What you should do>
Somewhere below is a line with "Charcoal grey Man" and, later, a line with "Tactical Vest Military"; repeat those two lines and all the lines between them, exactly as they are.

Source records
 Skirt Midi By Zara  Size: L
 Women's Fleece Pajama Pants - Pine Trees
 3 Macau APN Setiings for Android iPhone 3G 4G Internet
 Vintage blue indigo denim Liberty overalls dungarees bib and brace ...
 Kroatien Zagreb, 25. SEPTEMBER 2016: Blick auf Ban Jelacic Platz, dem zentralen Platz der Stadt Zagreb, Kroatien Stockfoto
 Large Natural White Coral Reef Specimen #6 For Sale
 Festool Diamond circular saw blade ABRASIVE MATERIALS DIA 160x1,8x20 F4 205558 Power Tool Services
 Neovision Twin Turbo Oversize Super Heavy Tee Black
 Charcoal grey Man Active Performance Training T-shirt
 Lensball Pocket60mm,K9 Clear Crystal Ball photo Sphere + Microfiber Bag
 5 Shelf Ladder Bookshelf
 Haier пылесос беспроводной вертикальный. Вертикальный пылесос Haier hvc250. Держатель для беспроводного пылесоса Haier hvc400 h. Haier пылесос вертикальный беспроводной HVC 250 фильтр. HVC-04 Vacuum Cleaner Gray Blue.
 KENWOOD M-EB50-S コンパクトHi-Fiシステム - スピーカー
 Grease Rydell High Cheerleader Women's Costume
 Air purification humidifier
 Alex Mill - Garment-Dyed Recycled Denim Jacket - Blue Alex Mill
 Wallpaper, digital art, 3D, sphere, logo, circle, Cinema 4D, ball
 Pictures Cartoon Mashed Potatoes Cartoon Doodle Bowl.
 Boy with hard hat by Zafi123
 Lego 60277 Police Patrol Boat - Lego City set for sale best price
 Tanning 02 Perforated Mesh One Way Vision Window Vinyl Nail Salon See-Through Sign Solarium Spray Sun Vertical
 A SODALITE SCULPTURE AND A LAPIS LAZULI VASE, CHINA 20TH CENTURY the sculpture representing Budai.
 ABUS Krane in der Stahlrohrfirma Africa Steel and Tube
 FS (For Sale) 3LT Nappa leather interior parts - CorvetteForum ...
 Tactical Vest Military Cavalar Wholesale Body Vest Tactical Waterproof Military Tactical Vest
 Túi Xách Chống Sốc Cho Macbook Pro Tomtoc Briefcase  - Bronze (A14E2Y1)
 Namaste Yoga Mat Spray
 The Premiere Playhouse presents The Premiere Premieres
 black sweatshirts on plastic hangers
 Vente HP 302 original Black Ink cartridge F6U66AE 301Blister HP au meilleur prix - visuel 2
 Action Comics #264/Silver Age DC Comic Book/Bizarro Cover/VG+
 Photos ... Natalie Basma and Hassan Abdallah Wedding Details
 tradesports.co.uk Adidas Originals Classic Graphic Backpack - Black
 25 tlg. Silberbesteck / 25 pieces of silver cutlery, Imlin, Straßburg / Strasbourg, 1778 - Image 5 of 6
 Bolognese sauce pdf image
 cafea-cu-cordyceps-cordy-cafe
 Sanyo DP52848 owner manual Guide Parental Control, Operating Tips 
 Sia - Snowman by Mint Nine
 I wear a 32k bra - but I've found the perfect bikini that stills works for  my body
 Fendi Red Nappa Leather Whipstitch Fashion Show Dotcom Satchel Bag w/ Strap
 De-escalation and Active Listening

Answer section>
 Charcoal grey Man Active Performance Training T-shirt
 Lensball Pocket60mm,K9 Clear Crystal Ball photo Sphere + Microfiber Bag
 5 Shelf Ladder Bookshelf
 Haier пылесос беспроводной вертикальный. Вертикальный пылесос Haier hvc250. Держатель для беспроводного пылесоса Haier hvc400 h. Haier пылесос вертикальный беспроводной HVC 250 фильтр. HVC-04 Vacuum Cleaner Gray Blue.
 KENWOOD M-EB50-S コンパクトHi-Fiシステム - スピーカー
 Grease Rydell High Cheerleader Women's Costume
 Air purification humidifier
 Alex Mill - Garment-Dyed Recycled Denim Jacket - Blue Alex Mill
 Wallpaper, digital art, 3D, sphere, logo, circle, Cinema 4D, ball
 Pictures Cartoon Mashed Potatoes Cartoon Doodle Bowl.
 Boy with hard hat by Zafi123
 Lego 60277 Police Patrol Boat - Lego City set for sale best price
 Tanning 02 Perforated Mesh One Way Vision Window Vinyl Nail Salon See-Through Sign Solarium Spray Sun Vertical
 A SODALITE SCULPTURE AND A LAPIS LAZULI VASE, CHINA 20TH CENTURY the sculpture representing Budai.
 ABUS Krane in der Stahlrohrfirma Africa Steel and Tube
 FS (For Sale) 3LT Nappa leather interior parts - CorvetteForum ...
 Tactical Vest Military Cavalar Wholesale Body Vest Tactical Waterproof Military Tactical Vest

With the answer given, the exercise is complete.